‘Anora’ Is the Best Picture Oscar Frontrunner After ‘Greatest Day’ at DGA and PGA Awards


The refrain, sung by Take That, that opens “Anora” (Neon) — “Today this could be the greatest day of our lives” — sounds like a manifestation of the Palme d’Or winner’s awards campaign over the course of the last 24 hours. On Saturday night, two guild award wins, Best Picture at the PGA and Best Director at the DGA, followed the surprise Best Film win at Friday’s 2025 Critics Choice Awards.

After a wide field of six Best Picture contenders, we finally have a frontrunner in the Oscar race.

During the customary DGA acceptance speech before the announcement of the winner at the end of the night, “Anora” helmer Sean Baker expressed his admiration for his guild peers, and made another plea for theatrical distribution similar to what he stated at the CCAs. “Let’s do whatever we can do for us feature filmmakers to expand that theatrical window again; demand it. Let’s get it back to what it used to be,” said Baker. “At least 90 days, and really support movie theaters.”

That is apt campaign messaging, given that the last two Best Picture winners, “Everything Everywhere All at Once” and “Oppenheimer,” were box office success stories that proved audiences still had an appetite for non-franchise films. After winning the Theatrical Feature Film award at the DGAs, Baker thanked Neon for “putting everything into the theatrical release, supporting a long theatrical window from the very first day we won at Cannes.”

The studio already has one Best Picture win under its belt with “Parasite,” which started Neon’s five year streak of distributing the Palme d’Or winner at Cannes, with “Anora” being the latest, and fourth of the bunch to be nominated for the Academy Award for Best Picture. When it was released in October 2024, “Anora” became the most successful platform release of the year so far ($34 million worldwide).

“Anora” boasts both international and stateside appeal as an American Palme d’Or winner, the first since “Tree of Life” in 2011. That’s a positive, as some 10,000 Oscar voters are 20 percent international. That said, the Golden Globes, which have a similar global demographic (of journalists, not filmmakers) awarded “Anora” nothing during its January ceremony.

The PGA and DGA wins could not have come at a better time, as these first televised speeches for “Anora” are likely the last ones Academy members will hear before final Oscar voting opens on Tuesday, February 11. These wins give “Anora” momentum.
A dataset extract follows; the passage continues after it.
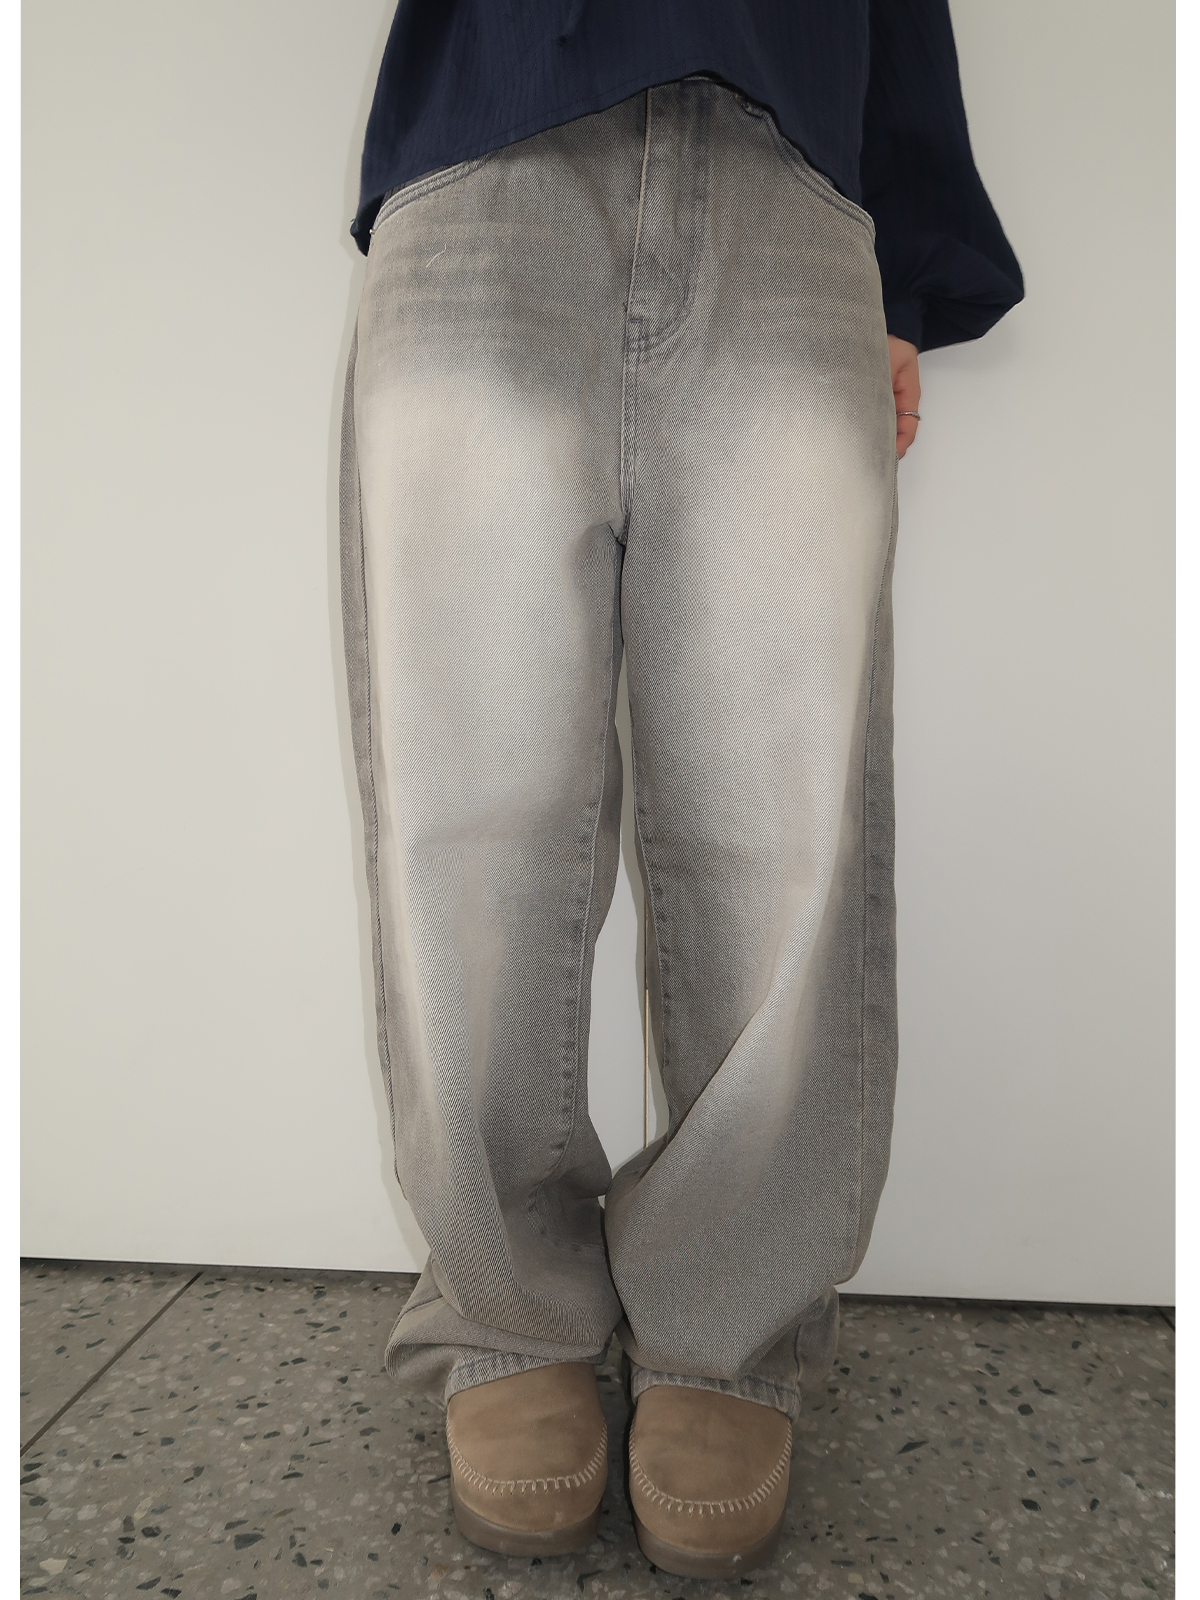 tom gray pants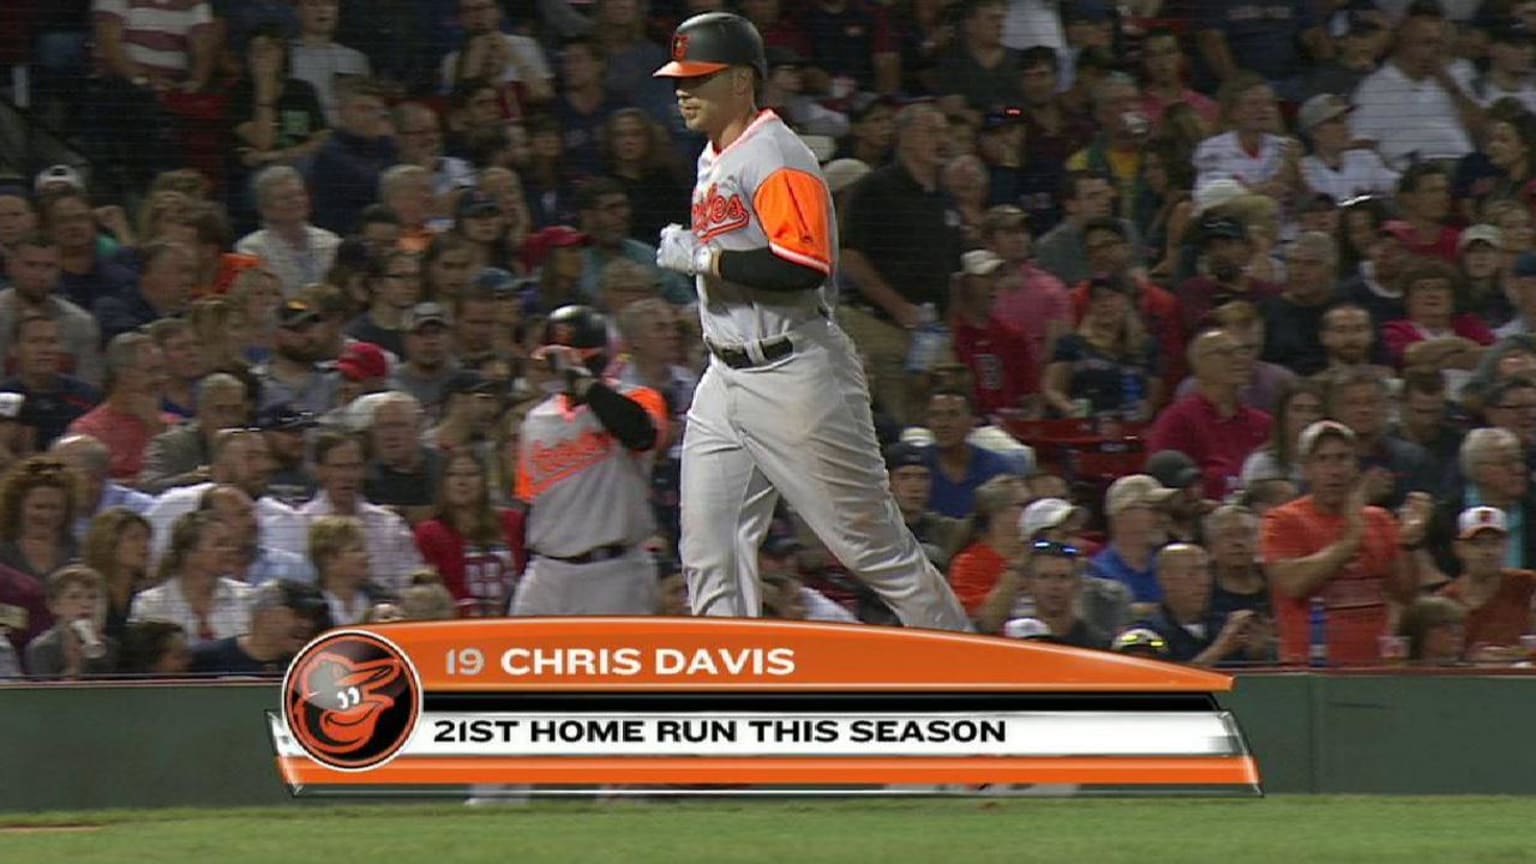 Chris Davis has real shot at MLB's legit single-season HR mark

Those who harbored hopes for “Wicked,” “Conclave,” “A Complete Unknown,” “The Brutalist,” or the beleaguered “Emilia Pérez” now have confirmation of a crowdpleaser that plays to the mainstream as well as critics and cinephiles.

“Anora” is also nominated at the WGA and BAFTA Awards, which both occur before final Oscar voting closes on February 18. Baker has two more chances to win Best Original Screenplay for the film, and his star Mikey Madison and supporting player Yura Borisov have the chance to win their first televised award at the latter ceremony.

That said, “The Substance” star and Globe and CCA winner Demi Moore got the most applause of any presenter at the DGA Awards 2025, before she handed the Michael Apted Award for Outstanding Directorial Achievement in First-Time Theatrical Feature Film to “Nickel Boys” director RaMell Ross.

Demi Moore
Demi Moore at the Golden GlobesGetty Images

CCA winner Moore will likely shine at the SAG Awards on February 25, where “Anora” has another shot for some wins for Best Ensemble, Madison, and Borisov. The fact that breakout Borisov landed those supporting nods is a sign of strength for the movie.

The “Anora” DGA win rippled through the lengthy PGA Awards ceremony at the Fairmont Century Plaza, and sure enough, “Anora” took the final win, as producer/director/writer Baker, who had run over from the DGAs, thanked his producers, wife Samantha Quan and Alex Coco. It was a good night.

The significant thing about the PGA win: like the Oscars, it’s a preferential ballot. That means that the voters rank their choices and during that process, “Anora” rose to the top. They like it, they really like it.

Another Oscar prediction you can take to the bank, despite a lot of affection for low-budget Latvian film “Flow,” Universal’s CCA and PGA winner “The Wild Robot” will win Best Animated Feature at the Oscars. And the documentary Oscar race is as opaque as ever, as the PGA winner, “Super/Man: The Christopher Reeve Story” wasn’t nominated. On the other hand, nominee “Porcelain War” took the DGA win.

While the PGA has already raised $450 million for folks who lost their homes in the Los Angeles fires, the oft-repeated plea of the night was to return production to Los Angeles. Amen.